— О, Сергея Потаповича доченька! Ну, иди, иди, — и с той же улыбкой ласково кивнула на обитую кожей дверь.
И это радушие беловолосой женщины сделало Катюху совсем бесстрашной, так что она потянула на себя кожаную дверь, всё ещё не зная, зачем ей туда, за эту дверь, в кабинет к незнакомому Сергею Потаповичу.
Но что-то втолкнуло её в этот кабинет, и она уже не могла стронуться, стояла у порога, наблюдая за Сергеем Потаповичем, который ронял в телефонную трубку:
— Что ж, попробую через не могу. Попробую через не могу…
Очень огорчённое было у Сергея Потаповича лицо, кто-то его ругал по телефону или настаивал на чём-то, и Сергей Потапович хмурился, кривился, так что Катюха уже решила дать отсюда стрекача, но вот легла влажная трубка в своё пластмассовое гнездо, и начальник шагнул к Катюхе, приоткрыл дверь, спрашивая у беловолосой женщины:
— Ваша, Раиса Леонидовна?
— Я думаю, ваша, Сергей Потапович, — значительно улыбнулась беловолосая женщина.
— Весело с вами жить! — В лёгкой досаде начальник захлопнул дверь, глядя на Катюху, недоумевая, кто она, чья, откуда.
— Маланцевых я, — сказала Катюха. — Насчёт кирпича я…
И тогда снова на лице начальника появилось то огорчённое выражение, когда он разговаривал по телефону, и он чему-то посмеялся хмуро сам с собой, походил по ковровой дорожке, поглядел на Катюху издалека хорошим, проникновенным взглядом и не обидел, не счёл её малой и глупой.
— Во второй декаде будет.
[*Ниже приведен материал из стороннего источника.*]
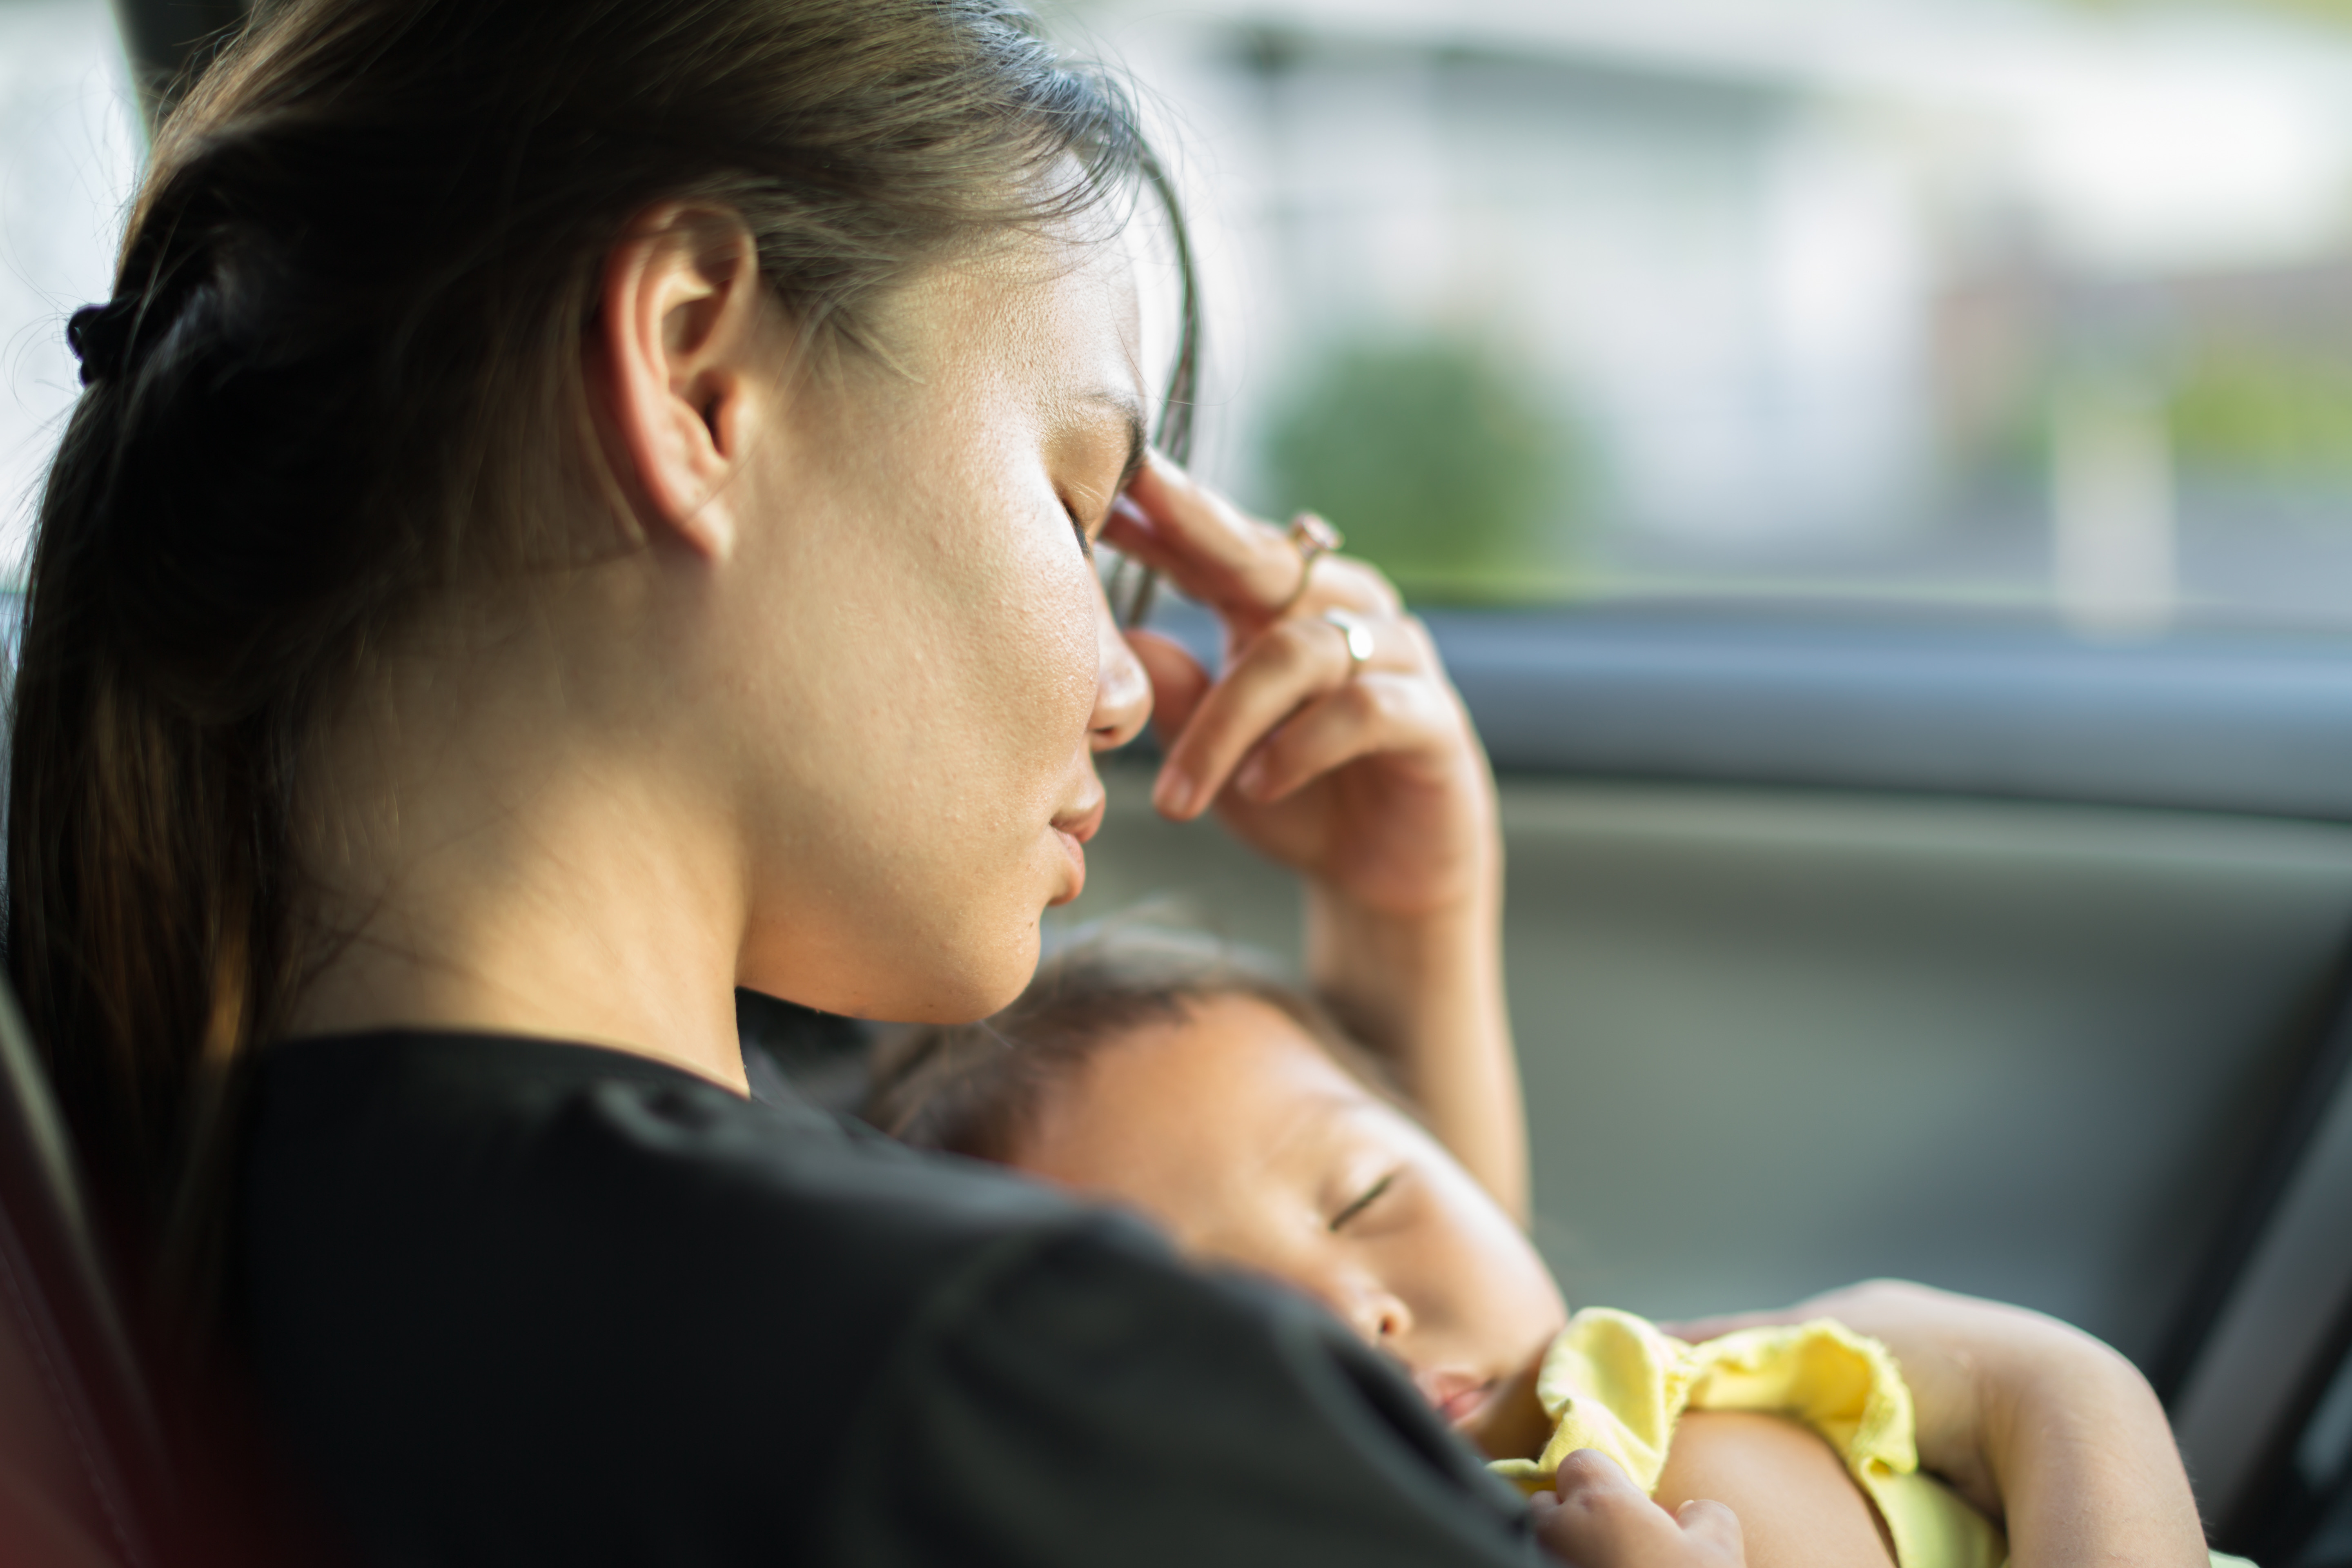 Woman sitting in car holding sleeping baby. She looks tired and anxious.

Так и передай.
— Мне точно надо, — возразила она.
— А я и говорю тебе точно. — Положил он ей на плечо пахнущую табаком ладонь и повёл в прихожую, где опять щедро, до розовых дёсен, улыбнулась эта беловолосая Раиса Леонидовна, а на песчаном дворе распрощался честь по чести — за руку. Словом, не счёл ни малой, ни глупой.
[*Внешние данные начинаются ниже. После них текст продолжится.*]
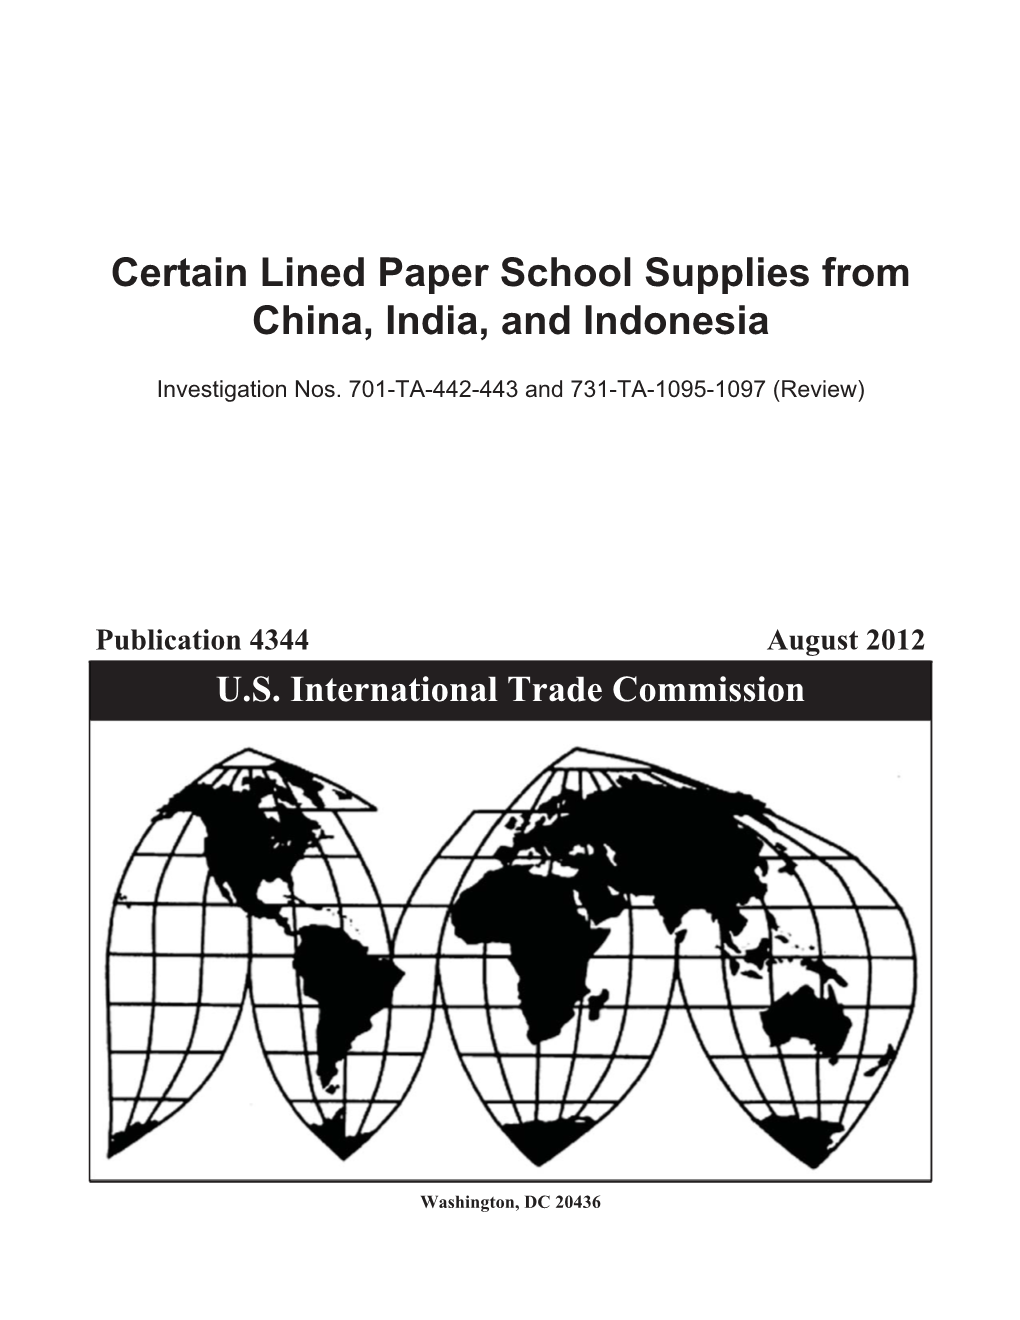 Certain Lined Paper School Supplies from China, India, and Indonesia

А ей стало не по себе, стало совестно урывать дорогие минуты у затурканного и, видно, не очень удачливого в работе начальника, и она, вернувшись к двум своим домам и пройдя по огородной меже к тому шалашу, в котором всё лето спали братья, забралась внутрь шалаша, на слежавшиеся дерюжки, и, словно продолжая случайный разговор с начальником, как бы оправдывалась перед ним, чтоб он, Сергей Потапович, понял, как нужен дом их семье. Она даже напомнила начальнику мамины слова, обещавшие счастливую жизнь в новом доме, и вообразила вдруг новоселье, полные от закусок и вин столы, гостей, их радостный говор, блеск прояснённых первым хмелем глаз, поцелуи за столом, братание и среди всего этого великолепия — его, Сергея Потаповича, сидящего в белой сорочке и так загадочно глядящего на неё, Катюху. А потом будто бы поручают Сергею Потаповичу растопить печь, он подносит спичку к облитым керосином поленьям, и вспыхивает пламя в молодой печи, бросая блики на лица помешавшихся от веселья людей….
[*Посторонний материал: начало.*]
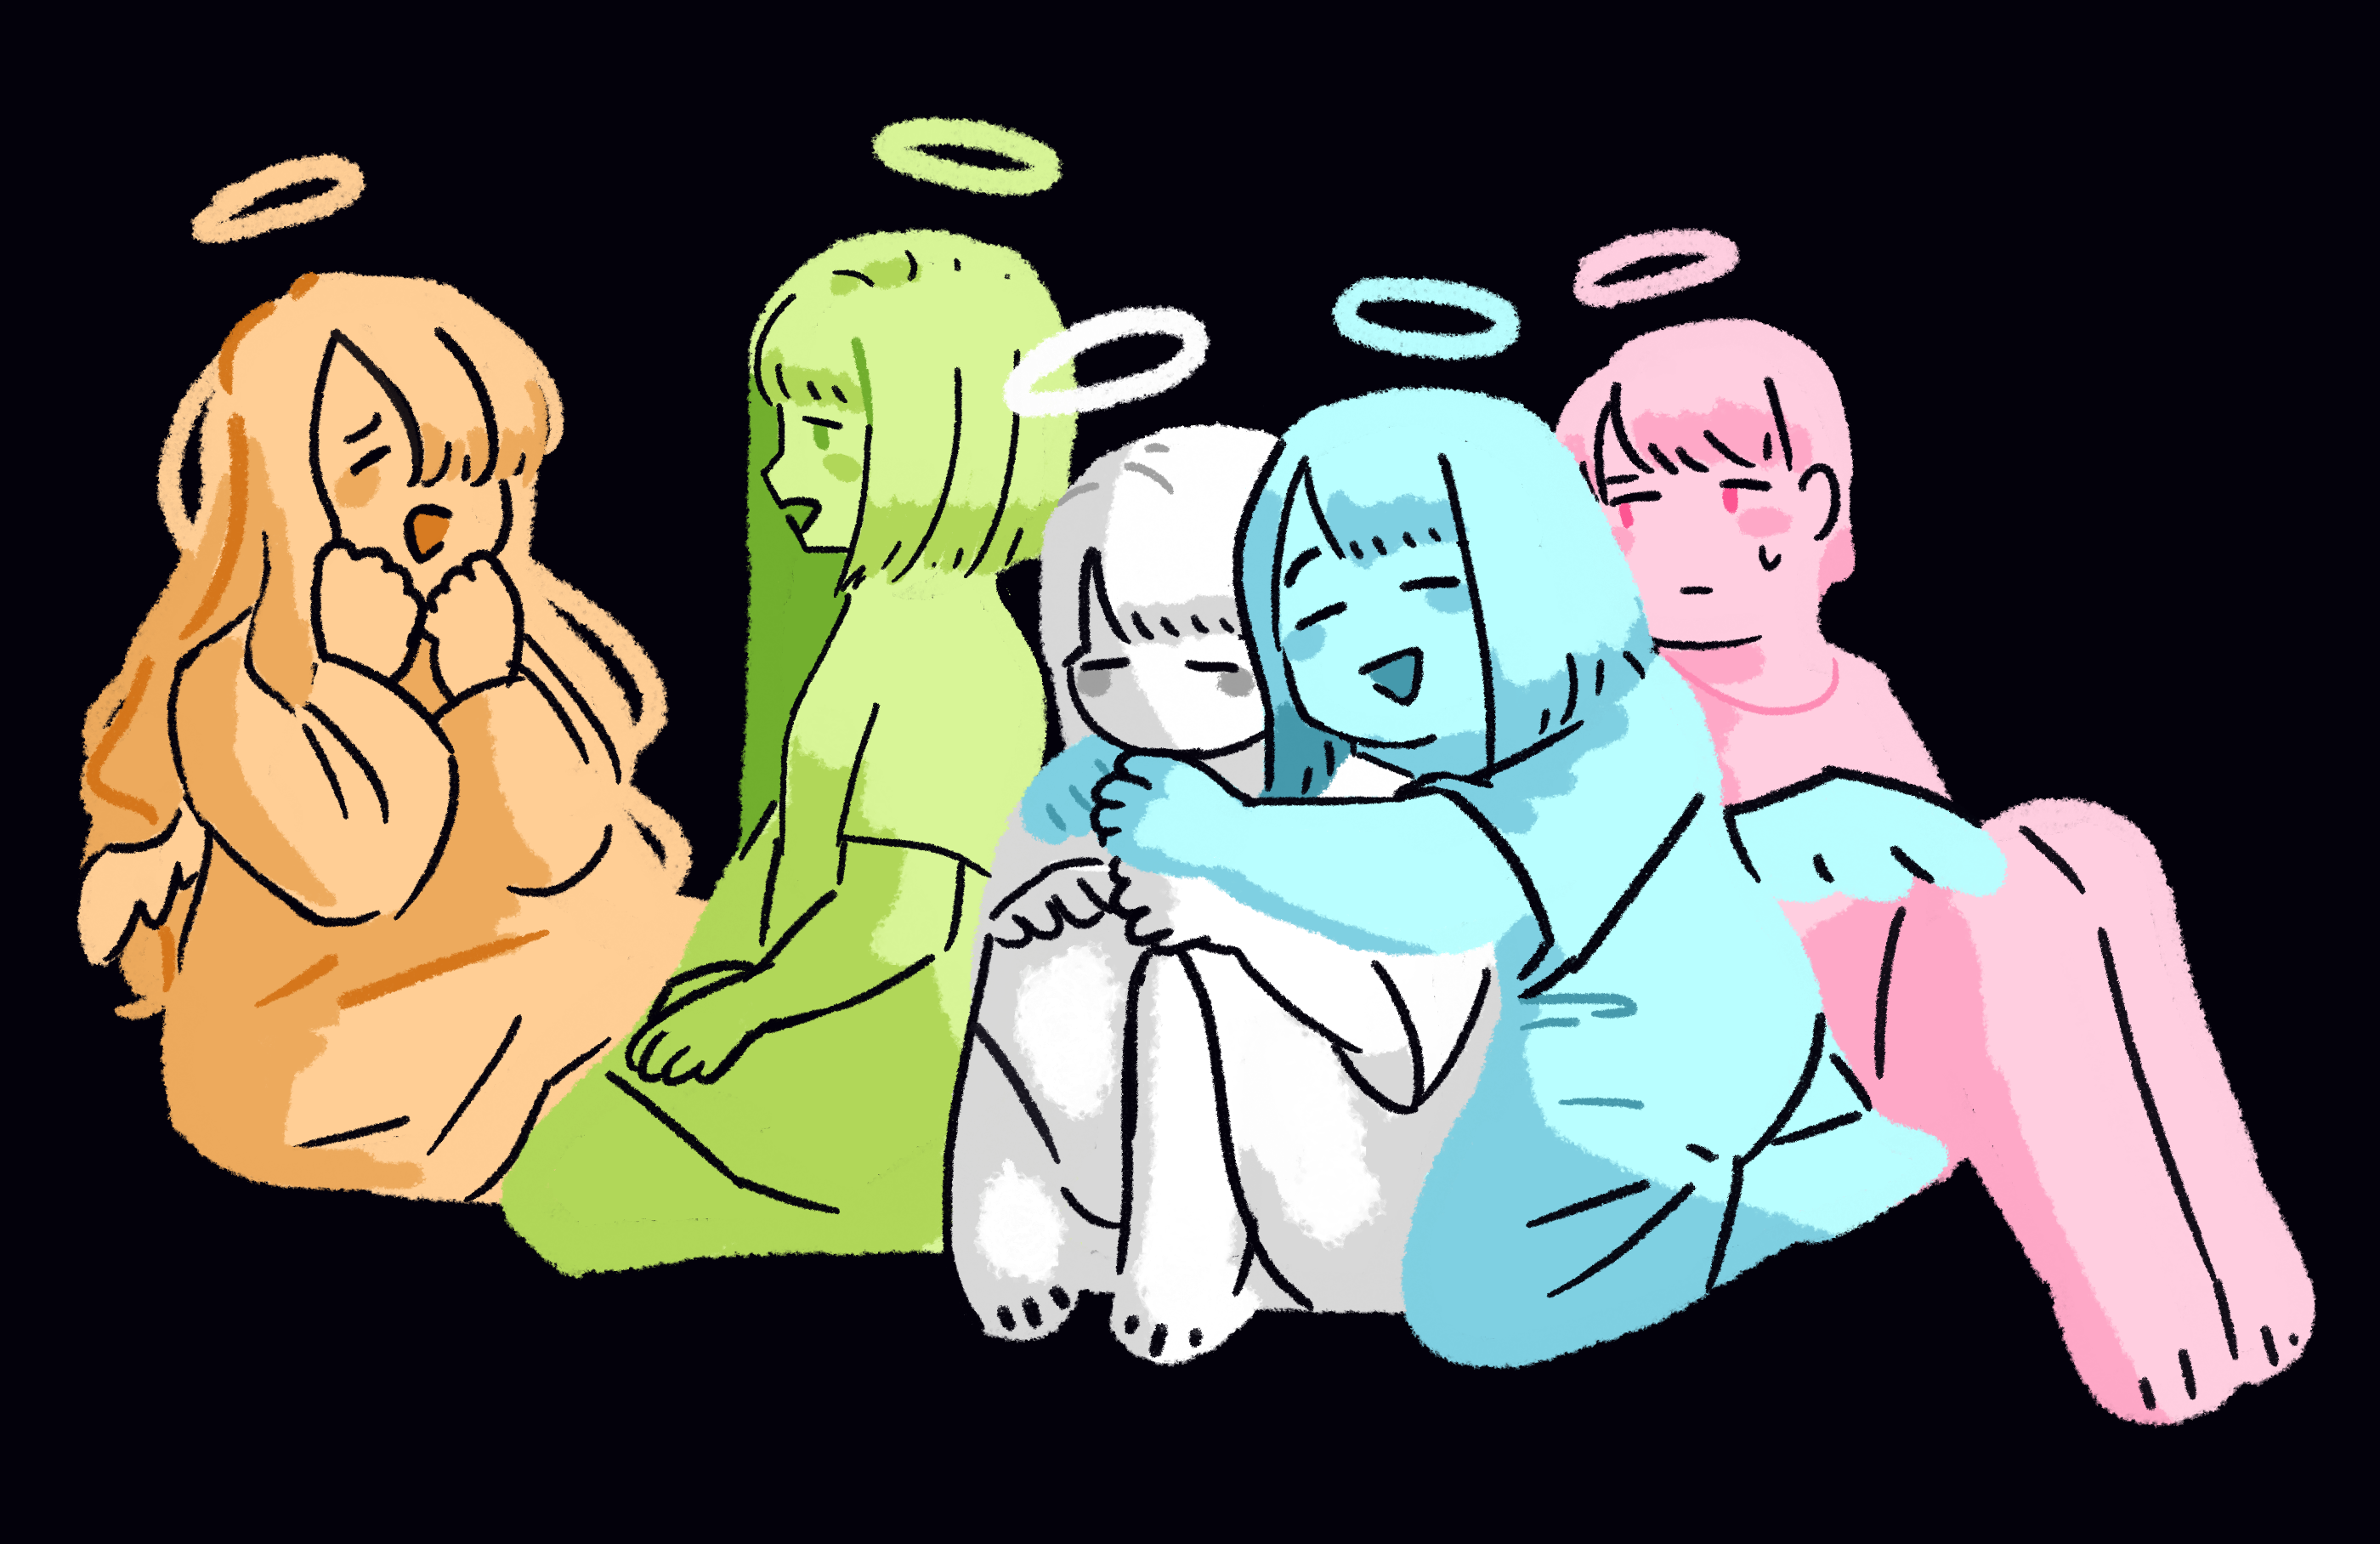 A doodle of angels named Community (orange), Reconciliation (green), Hope (white), Maturity (blue), and Regret (pink) sitting together.

Так, грезя о будущем, лежала Катюха на склеенных дерюжках, а зной томил её, смежал глаза и обещал необыкновенные, цветные сны, и когда она покорилась и уснула, то увидала самое хорошее место, какое только могла отыскать в городке в июльскую духотищу, — увидала пляж, песчаный рай, множество беспечных людей, и среди них — себя. Только во сне можно увидеть себя со стороны. И вот лежала на жгучем песке она, обкрадывала солнце, бродила у воды — и всё равно было жарко, и проснулась она в поту.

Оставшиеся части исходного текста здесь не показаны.